WolfieDagger22 said:


> Why would you reply with something like that? I am just telling my personal story the fact that they were going to buy drugs was none of my business, the area that I took them to I used to live in the area and it was a bad neighborhood Guns do not scare me nor do references to them in a harassing manner such as what YOU presented with your insulting reply. so for the "record" keep your ignorant comments to yourself kthanksbye


hi Wolfie, I'm in BTown too. Been on Uber since late January. It's been amazing to see the growth since the early days, huh? Good luck out there.


----------



## Realityshark

Another wonderful Uber liability for less than $1 per mile. If the cops pull you over, they stuff the shit in your backseat and blame it on you. 

I'm sure Uber won't be reimbursing that lawyer bill.


----------



## Kennedy C

Realityshark said:


> Another wonderful Uber liability for less than $1 per mile. If the cops pull you over, they stuff the shit in your backseat and blame it on you.
> 
> I'm sure Uber won't be reimbursing that lawyer bill.


We make $1.20 a mile in Bradenton. I'll give you anti-Uber trolls some credit, you guys are vigilant. Any time I write a post, one of you is on it within minutes. Well done. If you don't like Uber, don't drive or ride with them.

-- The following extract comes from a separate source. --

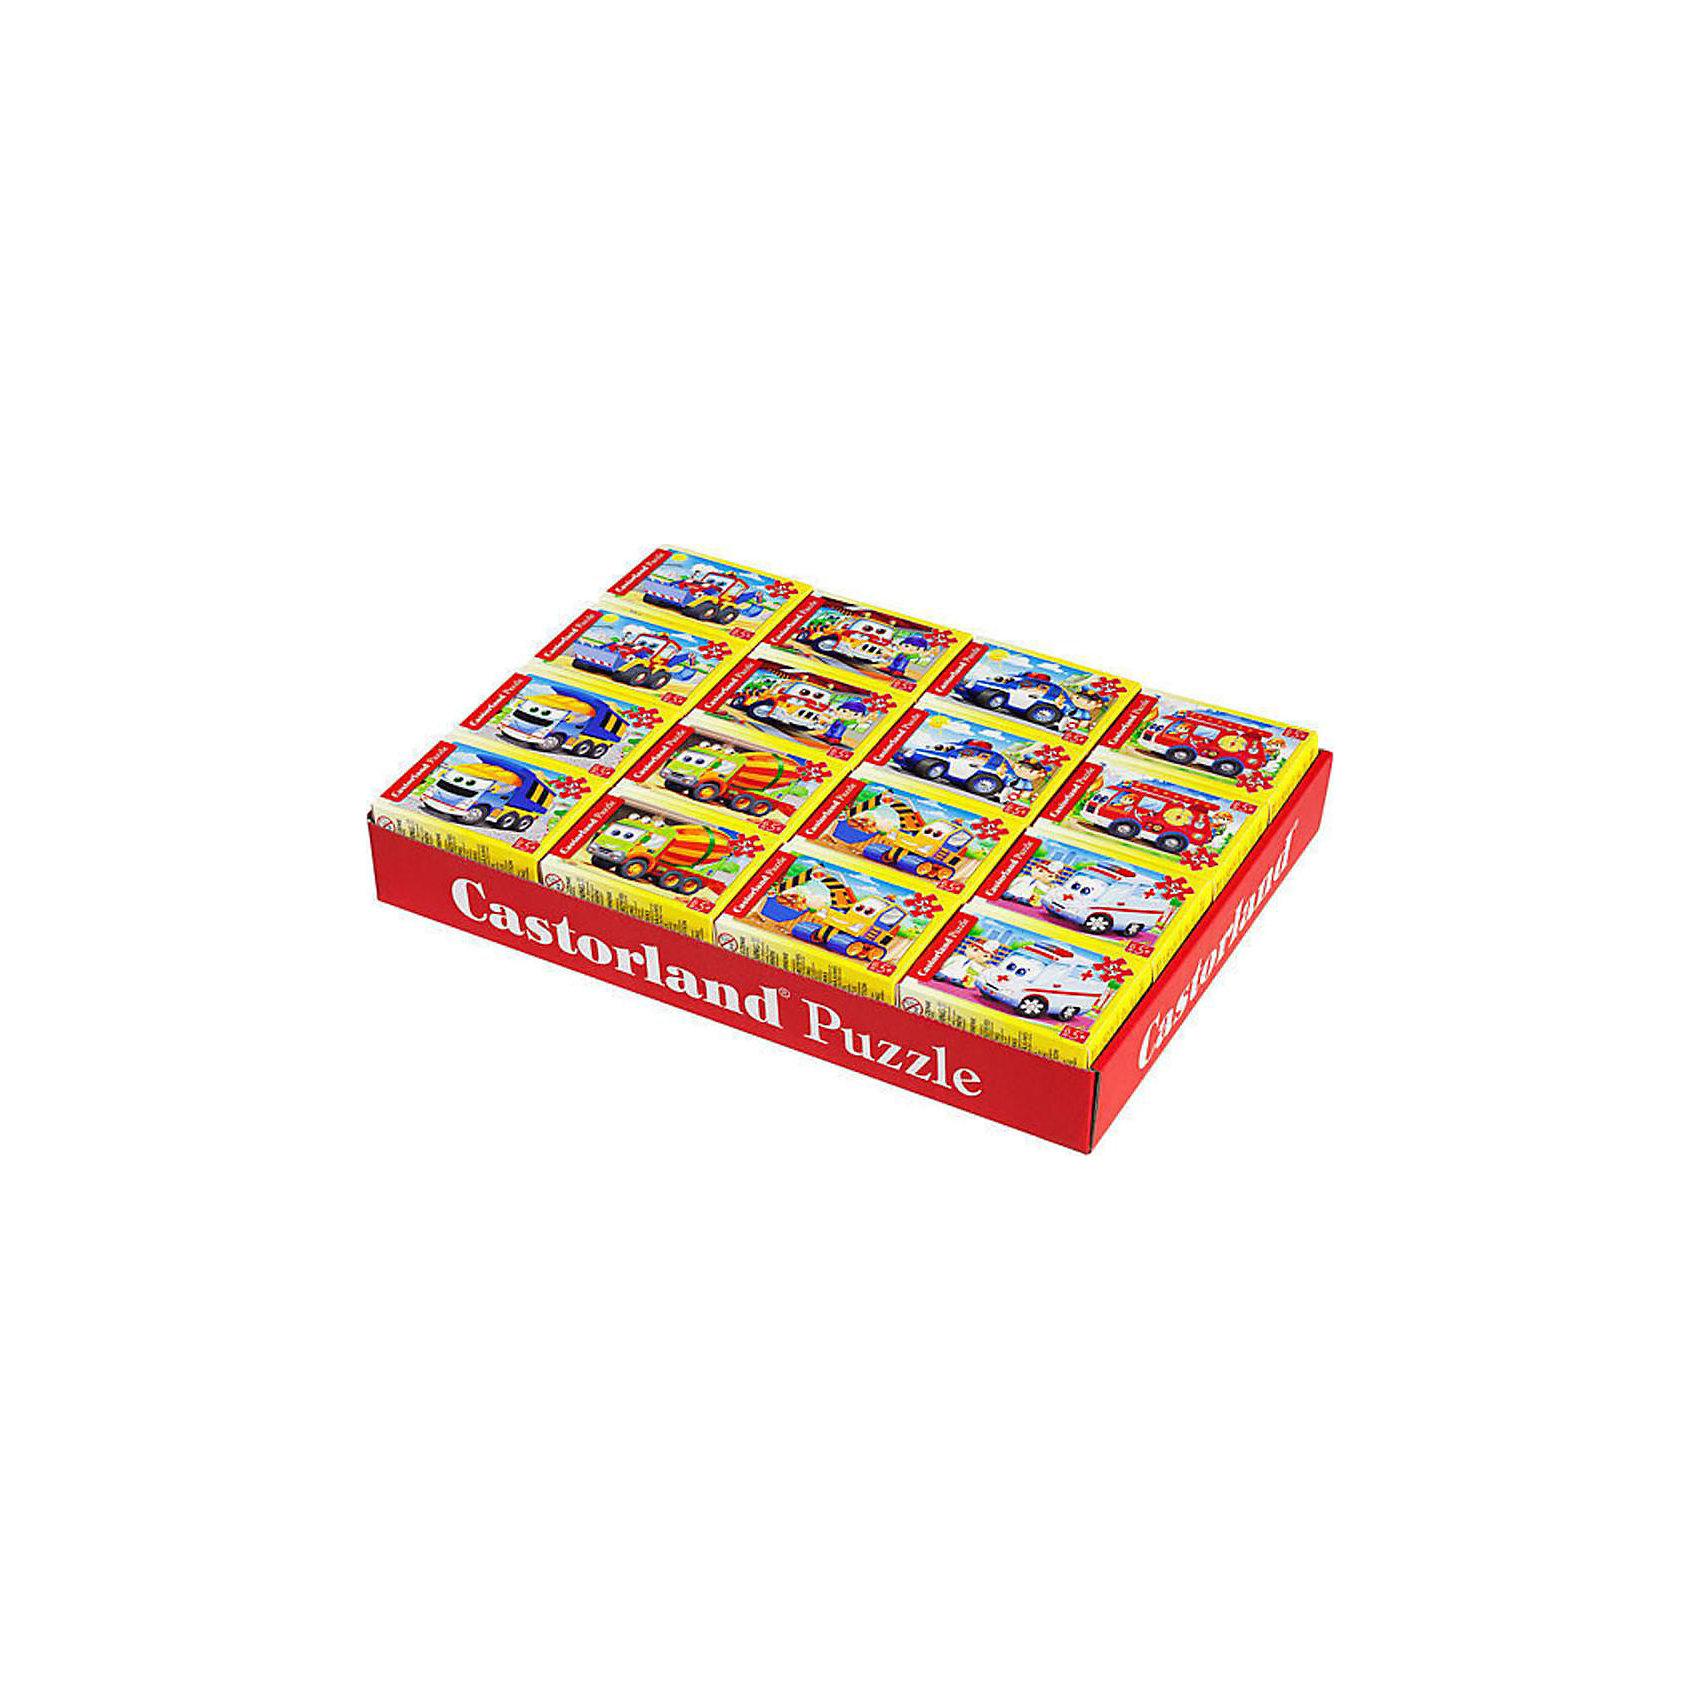 Пазлы Новый год, 54 детали Mini, Castorland, в ассорт.Пазлы Новый год, 54 детали Mini, Castorland (Касторленд), в ассортименте.<br><br>Дополнительная информация:<br><br>- Изображение: иллюстрации на новогоднюю тему<br>- Количество деталей: 54<br>- Размер собранного пазла: 165 х 110 мм.<br>- Размер коробки: 91 х 28 х 65 мм<br>- Вес: 50 г.<br><br>ВНИМАНИЕ! Данный артикул имеется в наличии в разных вариантах исполнения. Заранее выбрать определенный вариант нельзя. При заказе нескольких артикулов возможно получение одинаковых.<br><br>Пазлы Новый год, 54 детали Mini, Castorland (Касторленд), в ассортименте можно купить в нашем интернет магазине.<br><br>Ширина мм: 91<br>Глубина мм: 28<br>Высота мм: 65<br>Вес г: 50<br>Возраст от месяцев: 72<br>Возраст до месяцев: 192<br>Пол: Унисекс<br>Возраст: Детский<br>SKU: 3382261

Pretty simple.


----------



## Realityshark

Kennedy C said:


> We make $1.20 a mile in Bradenton.


Be thankful your rate is still above a dollar.

I make my money referring Uber passengers to Lyft, mentoring and Uber airport runs. I'll keep gaming the system till Uber fires me.

So far they've been too stupid to catch on.


----------



## DrivingStPete

Any pick up at a motel on 41 is either a lady of the night or a ride to their dealer. Fortunately they are in a cash business and tip lol


----------



## Kennedy C

DrivingStPete said:


> Any pick up at a motel on 41 is either a lady of the night or a ride to their dealer. Fortunately they are in a cash business and tip lol


I'm over 500 trips and haven't had a 41 motel pick up yet. I drive intermittently during the 6am - 8pm hours, so ladies of the night (and their addiction enablers) are not part of my routine, fortunately.


----------



## TwoFiddyMile

Regarding the OP,
Im in negotiations with both TK and a member of the Noriega family to spearhead a new Uber queue- 
"UberMule".
UberMule will expect you to keep your ears closed and your eyes straight ahead.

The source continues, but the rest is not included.